CSF flow waveforms were expected to be consistent throughout the length of each model due to model rigidity. However, quantifiable differences were observed in the axial distribution of CSF flow waveforms (Figure 7). During peak systole and diastole, flow rates had an overall standard deviation of 8%. This variability can be attributed to sources of error impacting the 4D Flow measurement technique. Studies employing 4D Flow to make measurements in vivo should expect a similar or larger magnitude of inaccuracy while computing CSF flows or stroke volumes.
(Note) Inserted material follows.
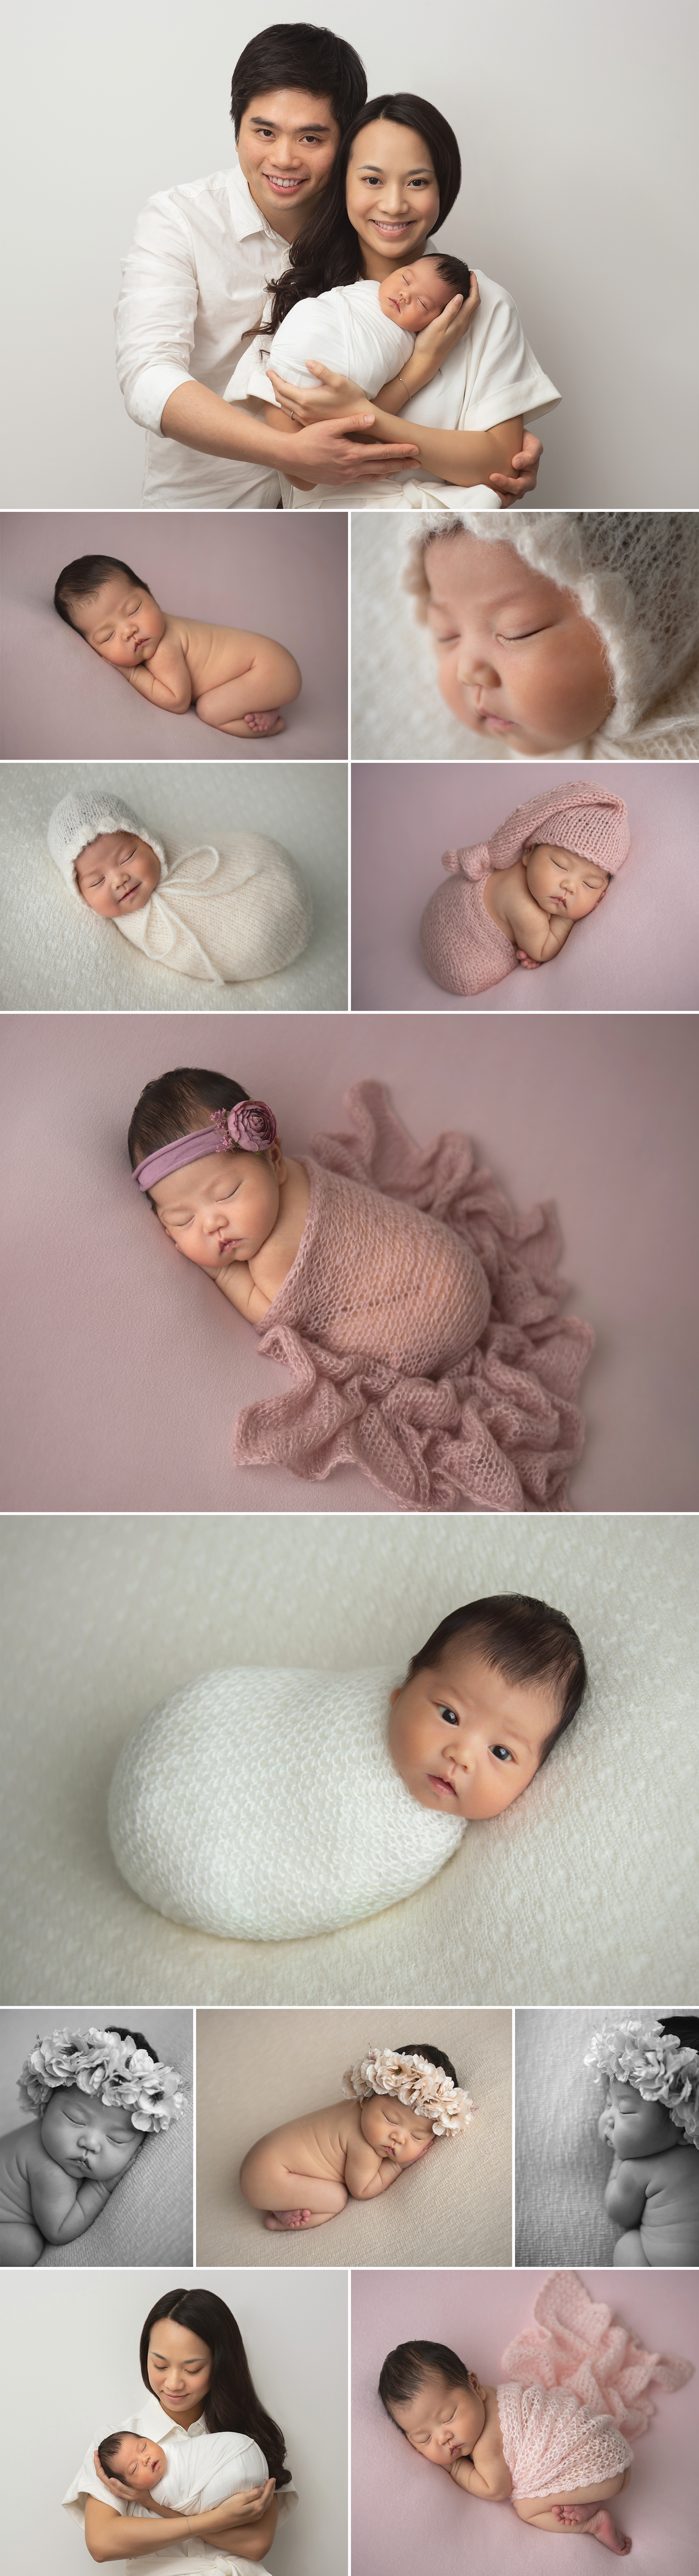 newborn family home photoshoot photographer
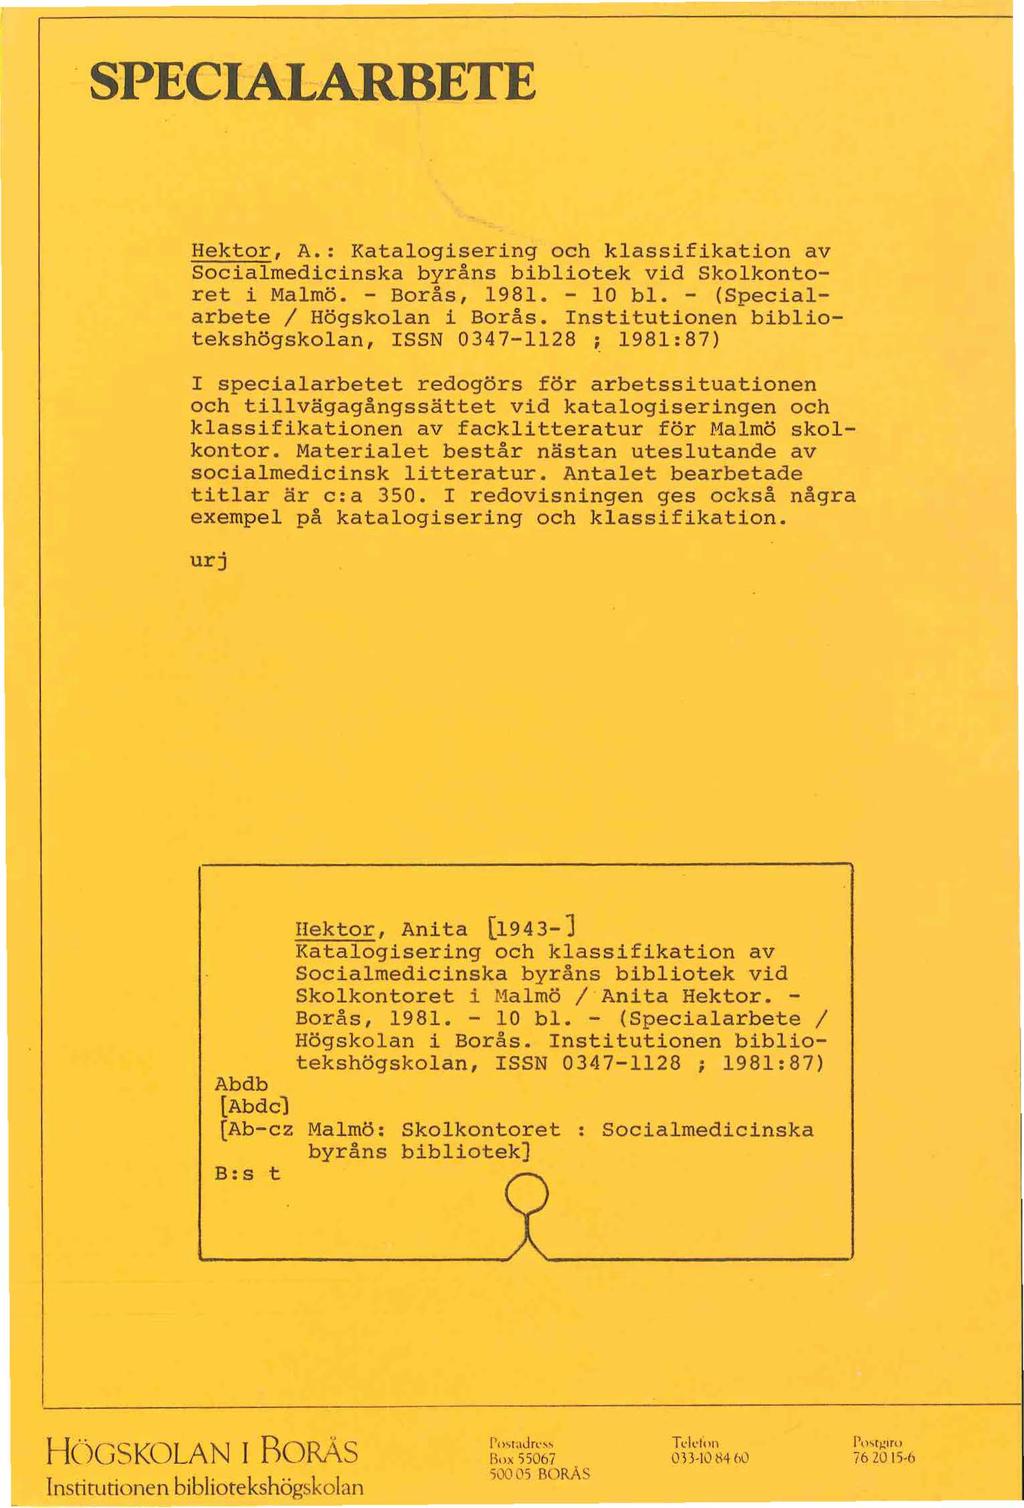 SPECIALARBETE Hektor, A. : Katalogisering och klassifikation av Socialmedicinska byrans bibliotek v id Skolkontoret i Malmo. - Boras, 1981. - 10 bl. - (Specialarbete I Hogskolan i Boras.

Studies have previously reported high degree of variability in CSF stroke volumes and flow waveforms measured from in vivo phase contrast MRI [32, 51].

V. Limitations

Due to limitations in the printer capabilities, the in vitro model was made completely rigid unlike the compliant nature of the SSS. A recent study by Pahlavian et al.[52] showed that the motion of the cerebellar tonsils and spinal cord during the cardiac cycle can impact CSF dynamics within the SSS. The rigid nature of the in vitro model disregards any effect of these tissue motions that may be an important factor in CMI. The dorsal and ventral NR were modified in accordance with minimum feature size of the 3D printing technique. This restriction also required leaving out several smaller anatomical structures like arachnoid trabeculae, dorsal septum and dorsolateral septa.

On average, the 4D Flow measured flows were found to be 20% greater in amplitude than that measured at the pump. This increase in amplitude may be due to compliance in the tubing that connects the pump and the in vitro models or 4D Flow inaccuracy. The actual flow waveform at the location of the phantom is likely different than the commanded waveform at the pump. However, tubing was necessary as the pump had magnetic components and could not be placed in the MRI scanner room. Particle image velocimetry (PIV) or laser Doppler anemometry (LDA) could be used to establish a “gold standard” in vitro flow waveform. However, these measurement techniques require an optically clear model. Unfortunately, the SLA printing material required to print the subject specific anatomical features was not optically clear. Future studies may address this aspect by construction of an idealized and optically clear model.

VI. Conclusion

An MRI-compatible hydrodynamic simulator of CSF motion within the human cervical spine was constructed and tested. Multiple models were created with varying levels of anatomical complexity and representing both healthy and diseased (CMI) CSF flow dynamics. MRI testing and analysis of flow and geometry indicated that the models had similar CSF hydrodynamic characteristics to in vivo. NR were found to have an impact on the CSF flow field. These models can be used to help assess MRI measurement reliability, CSF dynamics in healthy and disease states, and intrathecal solute transport.